Because it's hard to leave things unsaid.

I'm on a special trip to Paris and want to post pictures but haven't posted any from my trip last summer. I don't want to neglect poor last-summer's-trip and hurt its feelings so I will show its highlights... in no particular order because that would take too much time. I've already wasted enough time figuring out how to add big picture of rainbow over the Seine at top of blog.

I'm not going to spend time fact-checking. So that my statements won't be inaccurate, my descriptions will be vague.




Map of Saint Germain des Prés where I stay






Mémorial de la Shoah
Paris Holocaust museum
* a card catalog full of WWII records kept on Jewish French citizens, only released in the not too distant past.






The Women's Courtyard at the Conciergerie where female prisoners took the air and gathered to talk during the time they awaited their fate at the "national razor".







My room at my favorite, Hôtel Academie.








Taken from the Women's Courtyard as the French military practiced their Bastille Day air show. Seemed an appropriate vantage point.







Vigée le Brun's, Marie Antoinette's favorite portraitist,  self-portrait of herself and her daughter at Le Louvre.






Marie Antoinette's clothing at the Conciergerie







La Samaritaine has re-opened. Infinitely more impressive than this photo implies.









A concentration camp door preserved in the Shoah Museum.







I did the new "virtual tour" at the building that housed the French Resistance during WWII with 3-D goggles in a bunker down a hundred concrete steps.
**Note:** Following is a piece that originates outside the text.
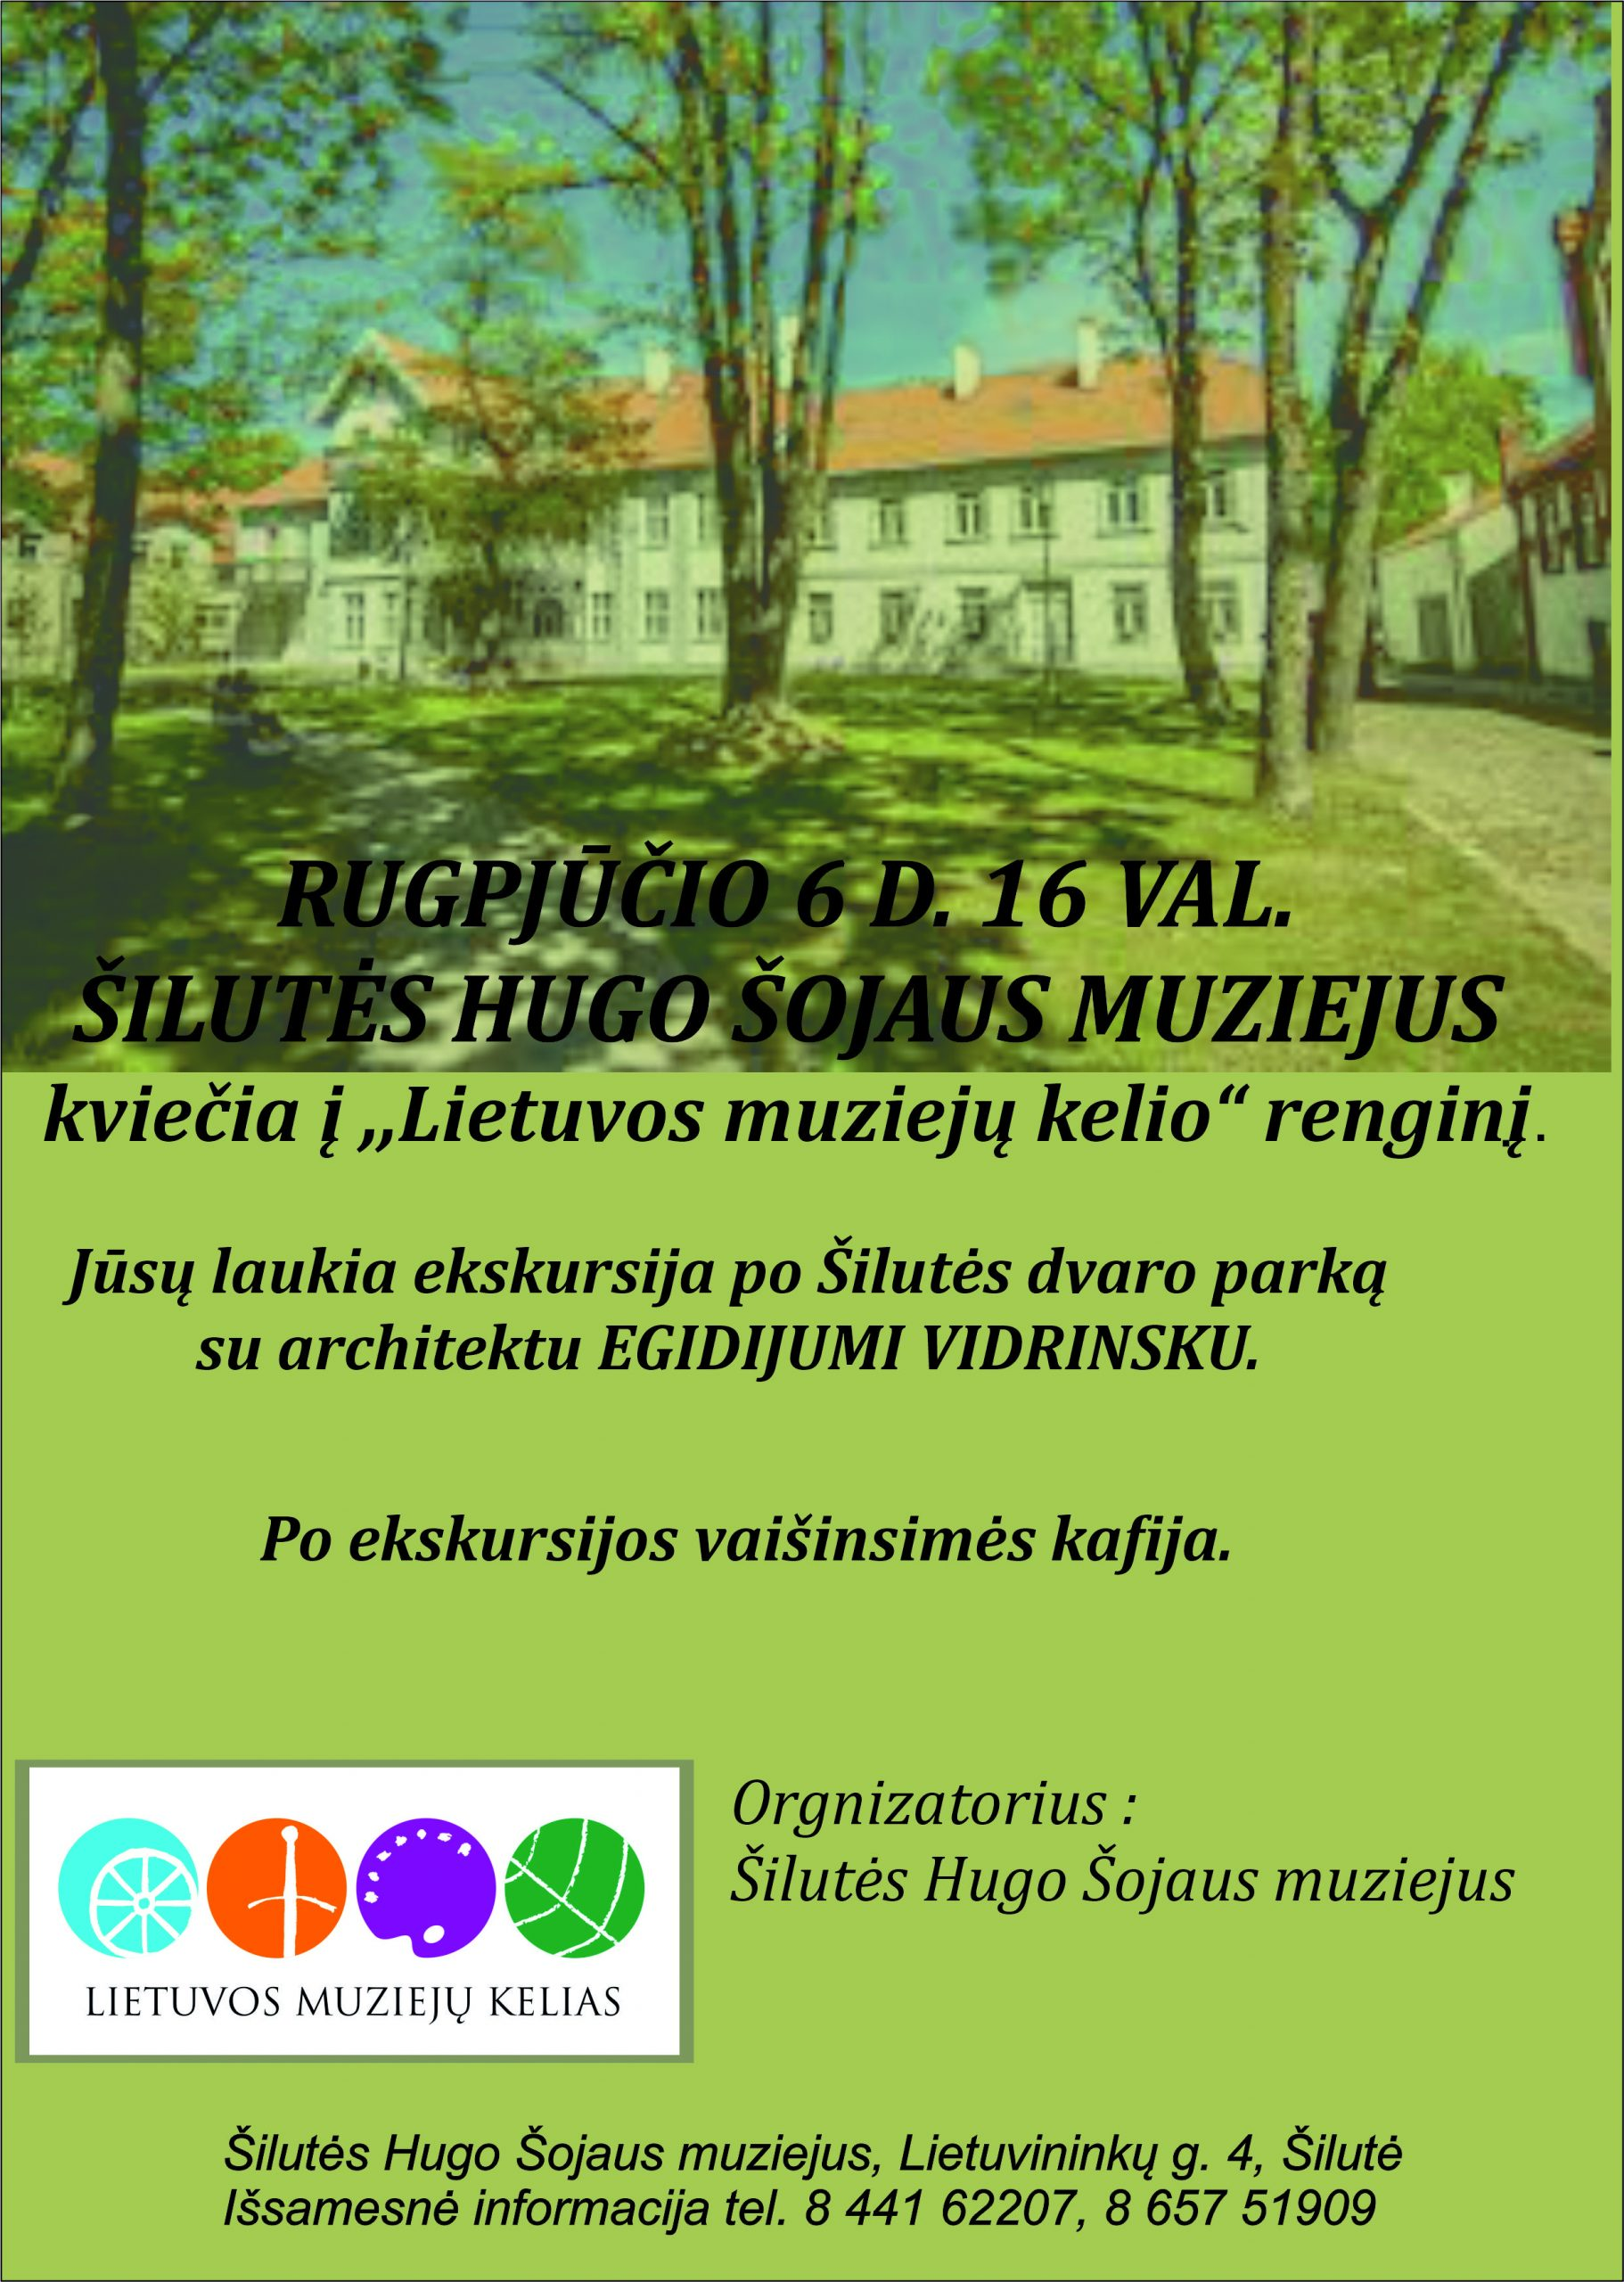 """Šilutės Hugo Šojaus muziejus kviečią į """"Lietuvos muziejų kelio""""  renginį"""

In Musée Carnavalet, I took this picture of a mock-up section of pre-Haussmann Paris, for Leonard Pitt who wrote the fascinating book, Walks Through Lost Paris (among others). I have used his book many times and  exchanged a few emails with him before my trip last summer. I neglected to send him the picture.









The vast section of the Conciergerie in which those who couldn't afford a cell waited for their execution is used for special art exhibits. This is part of the one I saw last time - one of two long troughs of water which were surrounded by boulders - generally speaking. When Michele and I went a few years ago, there was a small house made of crow feathers.








Saint Germain des Prés church, the site of one of the most horrific events of the September Massacres, has been restored. It's around the corner and I went to Mass there.





Bastille Day was the last day before I left. I watched the fireworks from the Tuileries Gardens surrounded by people singing La Marseillaise. Walking back at midnight, I got drenched when a car sped through a big puddle in the gutter next to my sidewalk. The situation was made even more comical when I described it to a Frenchman who blurted out, "Motherfuckers!"